Now more and more websites and App have been developed to HTTPS direction , for example:

  • Apple forces all iOSApp on January 1, 2017 all instead use HTTPS encryption, it can not be otherwise App in App Store shelves;

  • Google from January 2017 launch of the Chrome56 beginning of the URL link is not encrypted for HTTPS showed the risk warning, reminding the user that is in a prominent position in the address bar "this page unsafe";

  • Official requirements document Tencent micro letter backstage applet requires the use of HTTPS requests for network communications, domain names and does not meet the conditions of the agreement can not be requested.

  And although some sites that use HTTPS protocol, but they will be prompted to unsafe browsers, such as we open in the Chrome browser inside 12306, link to: HTTPS: / www.12306.cn/ , then the browser will prompt "your connection is not private," it is because CA 12306 certificate is issued by the Chinese Ministry of Railways on their own, and this certificate is not trusted CA mechanism, so here you will not be prompted to verify the certificate by the case, but the actual its data transmission is still through SSL encryption. If you want to crawl this site, you need to set the option to ignore the certificate, otherwise it will prompt SSL link errors.

 

HTTP request process

 

 

request

1. Method Request

There are two common request methods: GET and POST entering the URL directly in the browser and press Enter, which will initiate a GET request, the request will contain the parameters directly into the URL. For example, a search in Baidu Python, this is a GET request, the link is https://www.baidu.com/s ? wd = Python, where the URL contains parameter information requested, here parameter wd pledged to search for keywords.

POST requests are mostly initiated when the form is submitted. For example, for a login form, enter your user name and password, click on the "Login" button, which usually initiate a POST request, the data is typically transmitted in the form of the form, but will not be reflected in the URL.
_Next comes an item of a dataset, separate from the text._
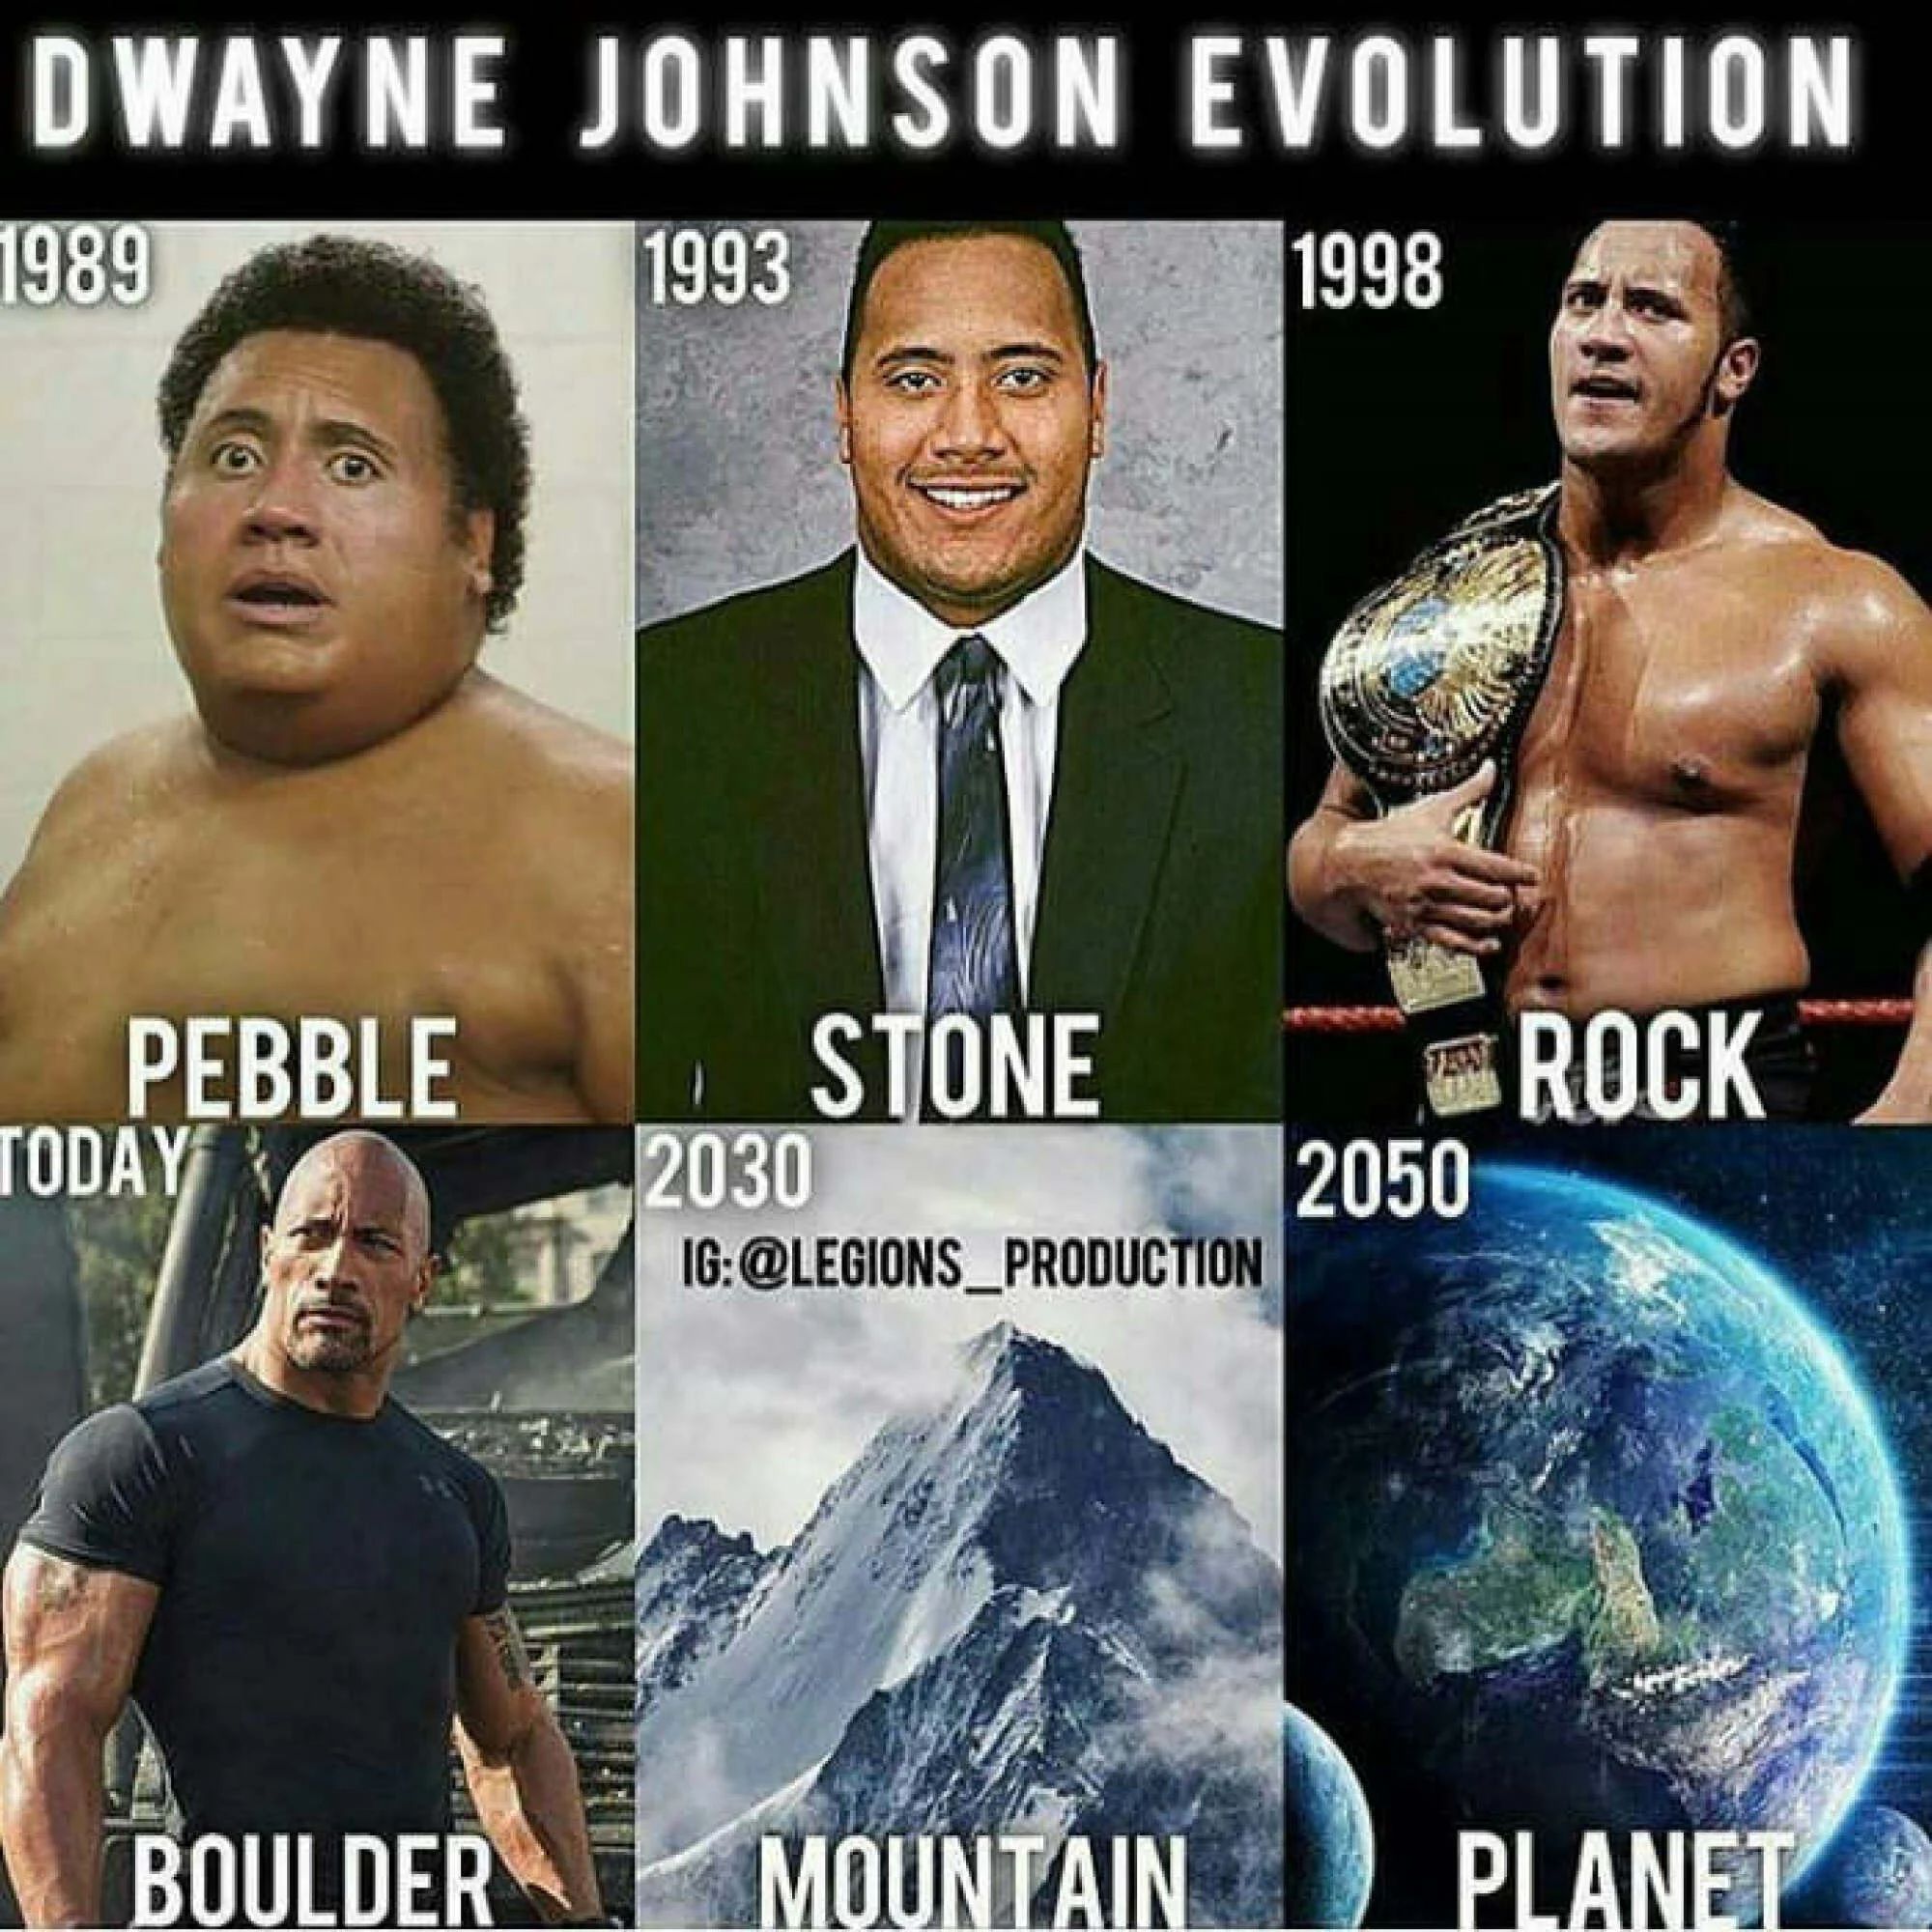 the rock meme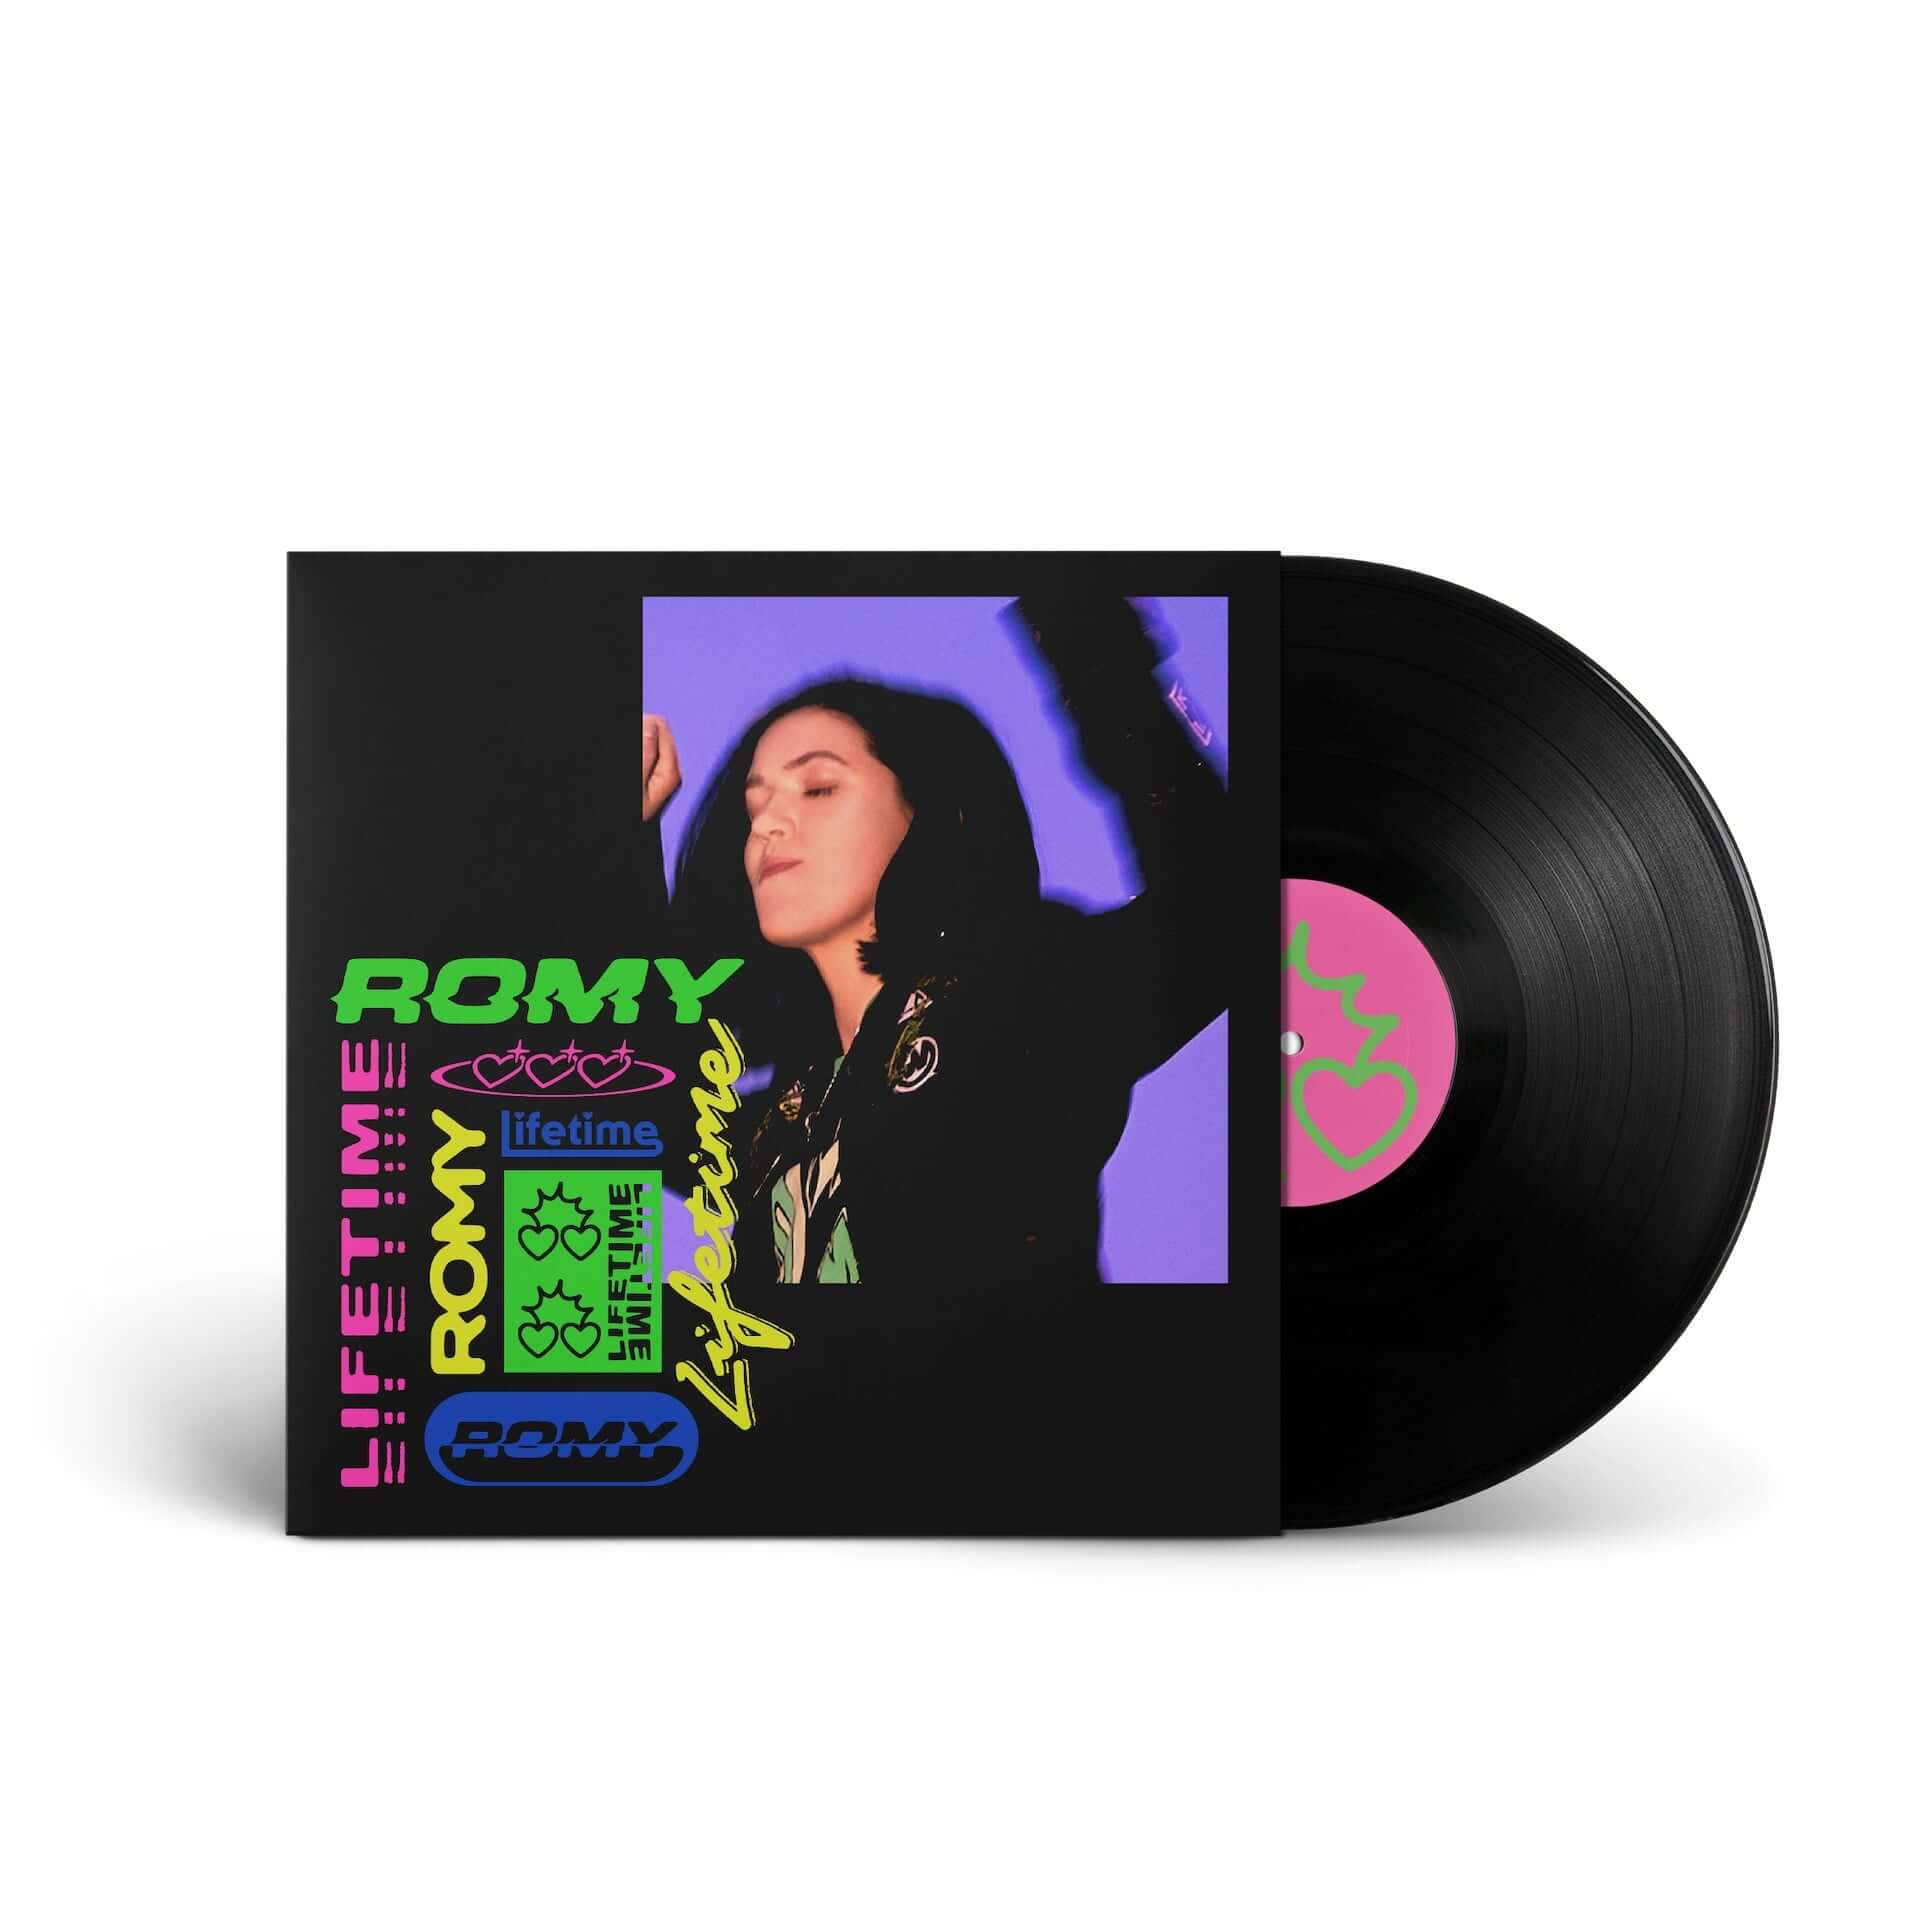 The xxのRomyがソロデビュー曲“Lifetime”のリミックス集をリリース！Jayda G、HAAi、Anz、Planningtorockが参加＆コメントも到着 music201203_romy_3-1920x1920

GET and POST request method with the following differences:

  • GET request containing a parameter, which can be seen in the data URL in the URL, and the URL of the POST request will not contain data, the data are transmitted through the form of the form, it is included in the request body.

  • GET requests submitted data only up to 1024 bytes, while the POST method is not limited.

In general, when you log on, you need to submit a user name and password, which contains sensitive information, use the GET method request, then the password will be exposed on the inside URL, create a password leak, so here is best to send the POST method. When you upload a file, because the file content is relatively large, it will choose the POST method.

 

Other request methods

GET  request page, and return to the page content
HEAD similar to GET requests, responses, but returned no specific content, for obtaining header
POST  mostly used to submit the form or upload a file, the data contained in the request body
PUT from the client to data server transmits to replace the contents of the specified document
dELETE request to the server to delete the specified page
CONNECT server as a springboard to allow clients to access the server instead of the other pages
OPTIONS allows the client to view the performance of the server
request TRACE echo server receives, mainly for testing or diagnosis

 

2. Common request headers

Accept   request header field for the client to specify what type of information is acceptable. Port Accept-Language: Specifies the type of client acceptable language. Port Accept-Encoding: specifying the client acceptable content encoding.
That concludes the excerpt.